10. Hesperornithines are recoded as polymorphic, as Hesperornis has non-strut-like coracoids (Marsh, 1888).
11. This is another composite character, combining interclavicular angle with the presence of a hypocleidium. Many taxa such as Ichthyornis, Ambiortus and many Aves have a low angle but no hypocleidium (Clarke, 2004; Kurochkin, 1999). Thus Ambiortus and Carinatae are recoded as polymorphic. Many theropods also have broad furculae with large hypocleidia, like oviraptorids (Barsbold, 1983). Theropods are recoded as polymorphic due to this. Neuquenornis has a low angle and hypocleidium (Chiappe and Calvo, 1994), so enantiornithines are coded as being apomorphic. Hesperornis has a broad interclavicular angle with no hypocleidium (Marsh, 1880), so hesperornithines are recoded as plesiomorphic.

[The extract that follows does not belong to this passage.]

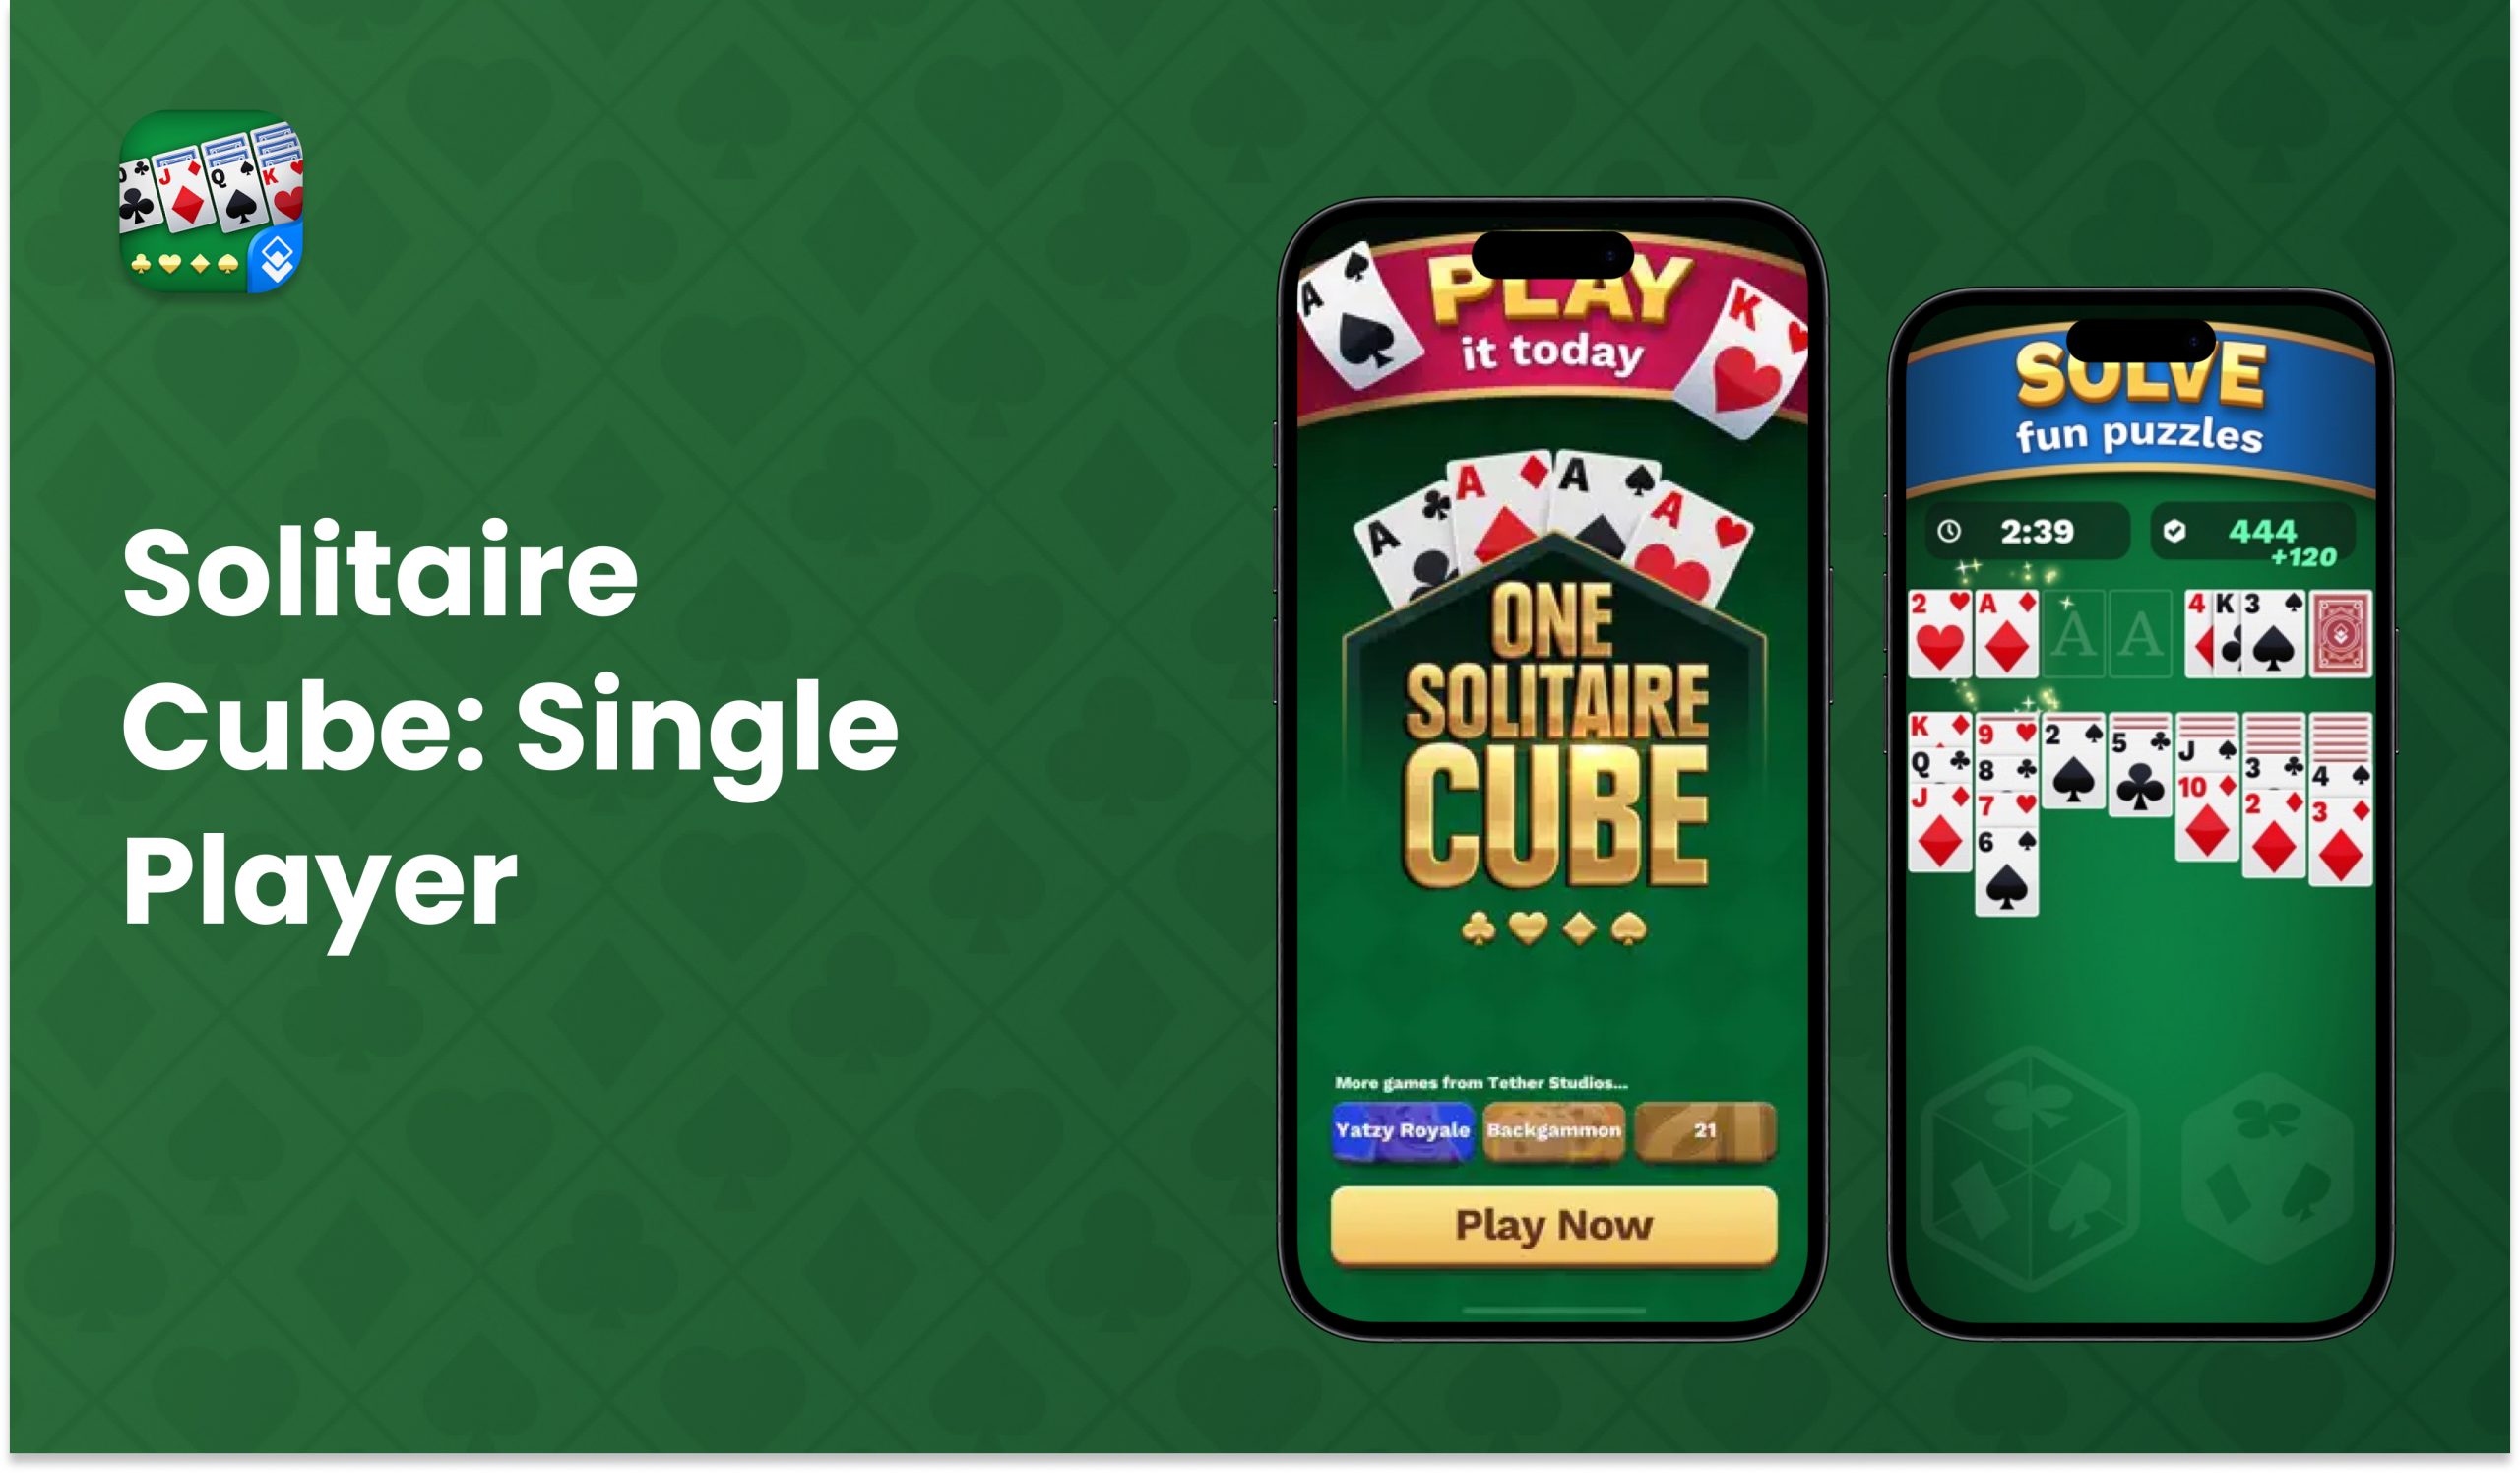 Solitaire Cube: Classic Card Game with Real Cash Rewards

12. Iberomesornis had a sternal keel at least posteriorly (Sereno, 2000), so is coded with an uncertainty polymorphy (state 1 or 2 present). Enantiornithines are kept coded as having a fully developed keel based on Neuquenornis, though it is ironic now that we know almost every other enantiornithine had a posteriorly restricted one.

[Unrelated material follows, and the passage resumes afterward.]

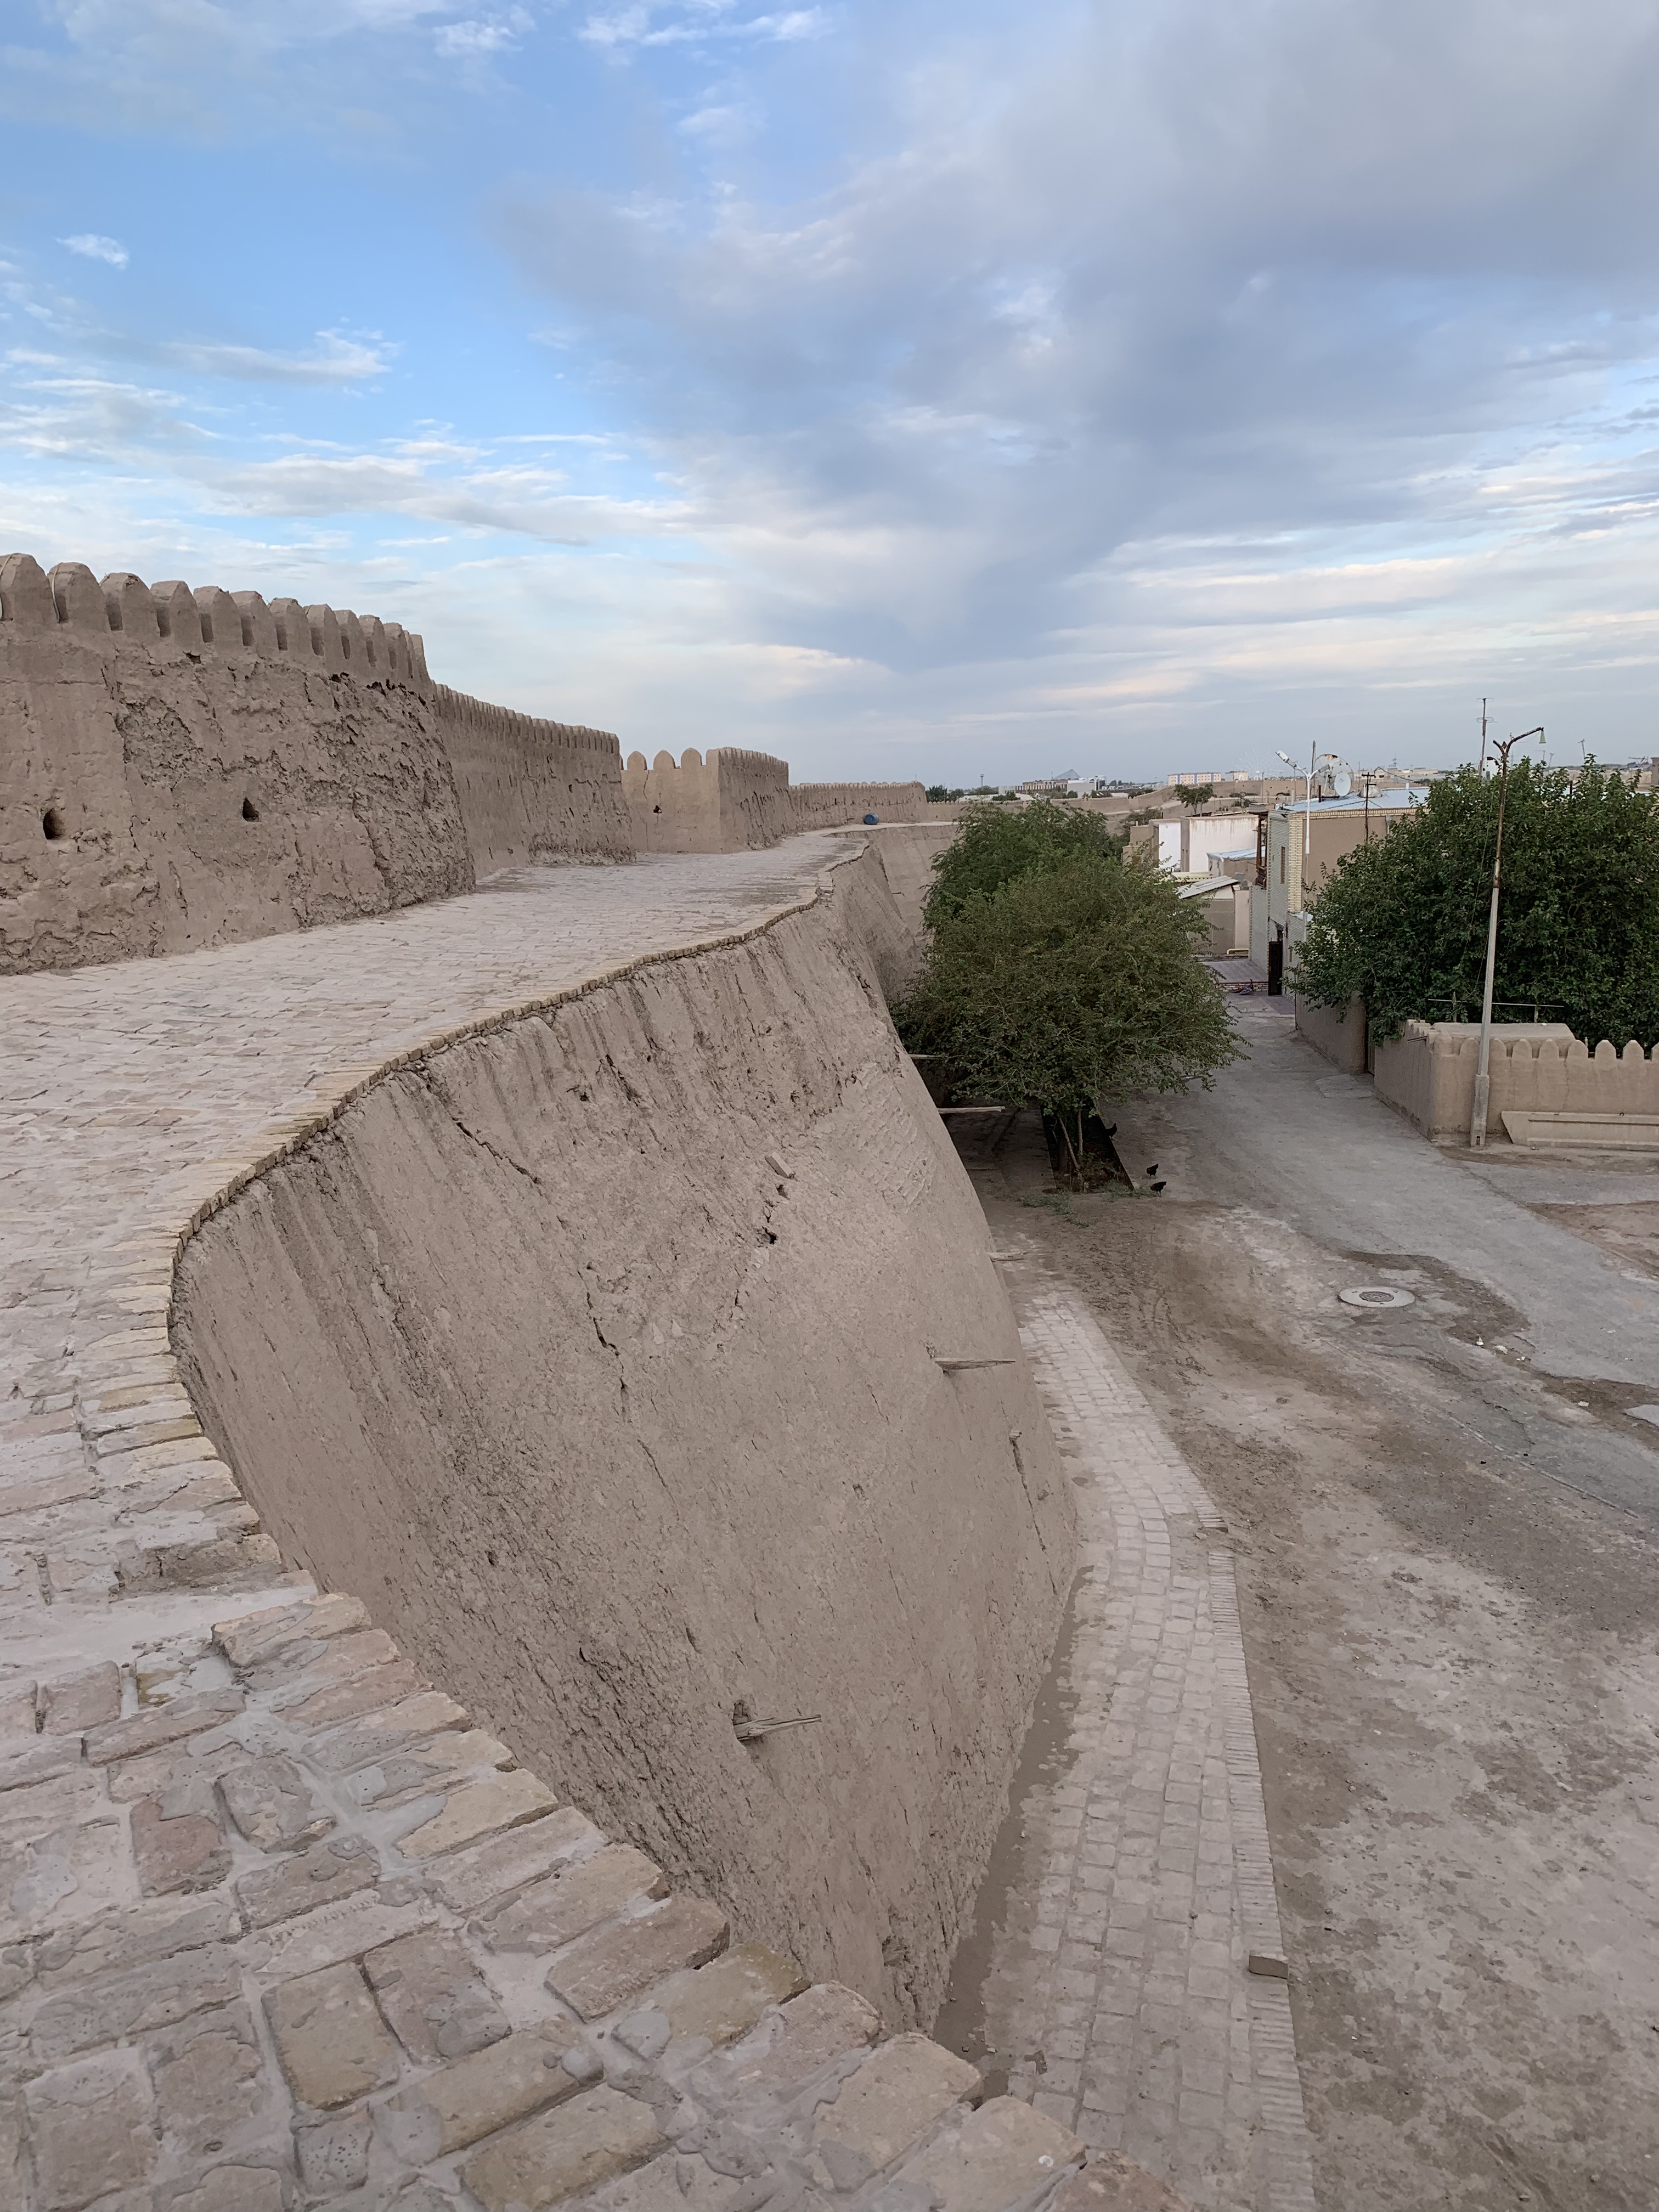 Atop the inner city walls

13. Velociraptor (Norell et al., 1997) has a sternum much longer than its coracoids, so theropods are recoded as polymorphic. Iberomesornis is unknown, as its anterior sternum is unpreserved (Sereno, 2000). A better way to measure sterna should have been used, as taxa with strut-like coracoids need much longer sterna to count for this character than taxa like non-avialan theropods and Archaeopteryx.

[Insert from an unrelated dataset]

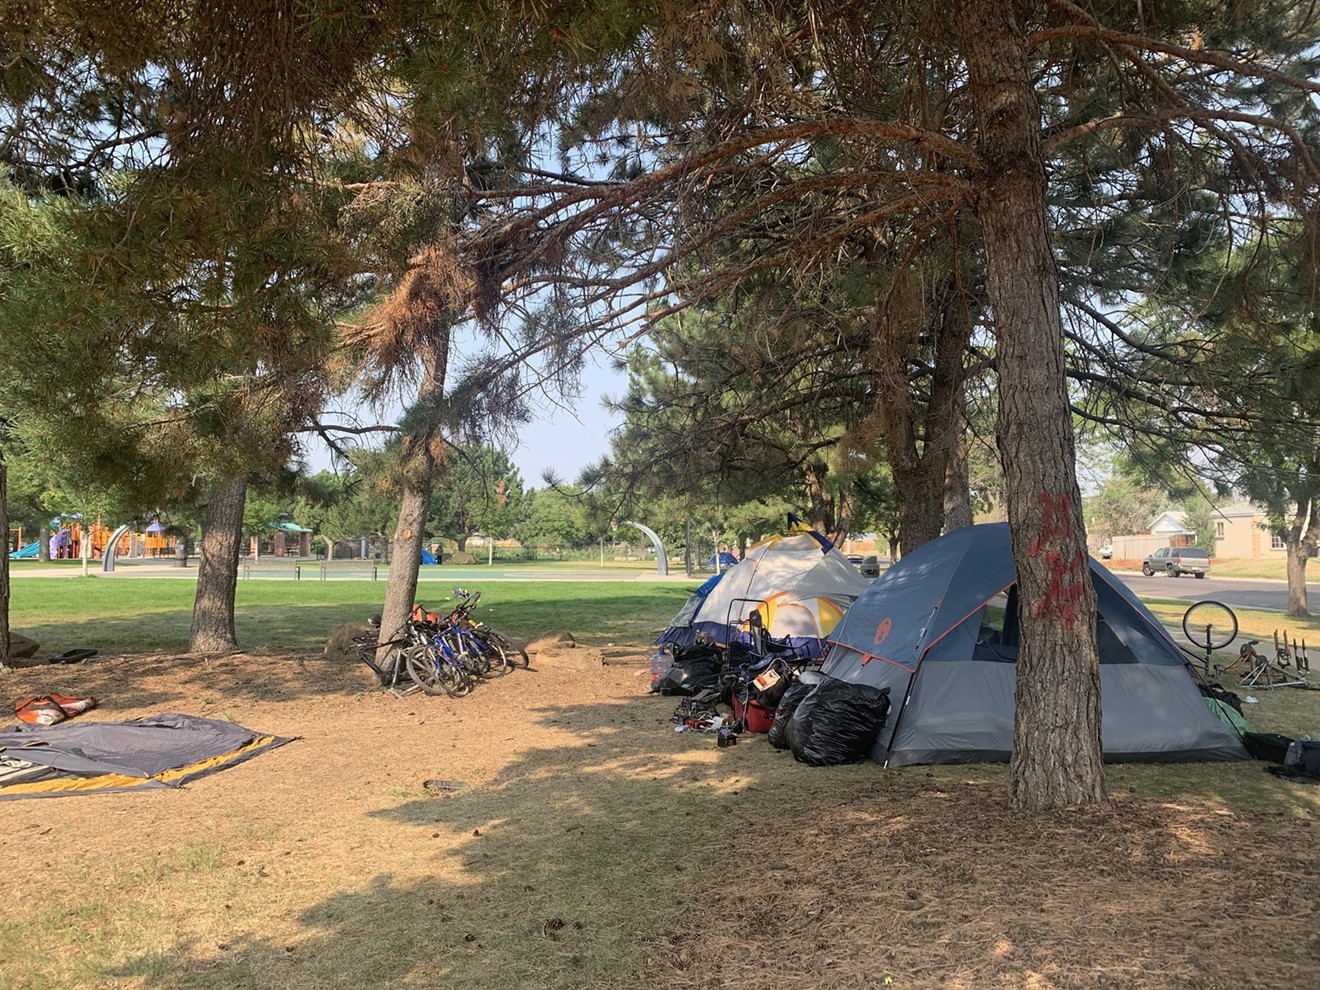 Aurora has encampments in various locations across the city.

14. Enantiornithines considered by Sanz and Buscalioni were not known to have pygostyles, so they should be recoded as uncertain.
General analysis conclusions- This analysis is mostly problematic for being so small. In addition, 5 of the 14 (36%) characters are composites, though at least none are correlated with other characters. One issue is that the trees illustrated are not the trees found by the analysis. The main tree only exists when two taxa are excluded, each of which has unique character combinations. Even when those taxa are included, the authors ignore most of the trees based on their preconceptions of what bird phylogeny should look like. If you're not going to trust the analysis over your intuition, why bother running one at all? In total, 22/112 (20%) of the states are miscoded. When corrected, the following tree results.
|--non-avian theropods `--Aves |--Archaeopteryx |--Hesperornithes `--Euornithes |--Iberomesornis |--Concornis |--Enantiornithes |--Ambiortus `--Carinatae
If Ambiortus and Enantiornithes are deleted a priori, as Sanz and Buscalioni did to make their resolved tree, Euornithes consists of two clades- Iberomesornis+Concornis and Hesperornithes+Carinatae. This is ironically the standard topology, though given only these characters and taxa, Ambiortus and Enantiornithes disrupt it.
Phylogenetic conclusions- The table shows the number of extra steps needed to accomodate each rearrangement using Sanz and Buscalioni's original matrix, and his recoded matrix. A negative number means the arrangement is already most parsimonious, but that many steps are needed to undo it.
|(theropods,Carinatae,Ambiortus(Iberomesornis,Concornis,Enantiornithes)) (Kurochkin, 1995)||1||1|
|(theropods,Iberomesornis,Concornis,Enantiornithes(Hesperornithes,Ambiortus,Carinatae)) (Sanz and Buscalioni, 1992)||0||2|
|(theropods,Iberomesornis(Concornis,Carinatae)) (Sanz and Buscalioni, 1992)||0||0|
Though the original matrix rejects Sauriurae with moderate support, the recoded one only rejects it weakly. No plausible bird topology is rejected, as the matrix is simply too small.
Experiments with controversial taxa- A basal ornithurine such as Confuciusornis may make Hesperornithes group with Carinatae instead of more basally. However, adding Confuciusornis to the modified matrix leaves Hesperornithes basal and Confuciusornis the sister taxon of Euornithes.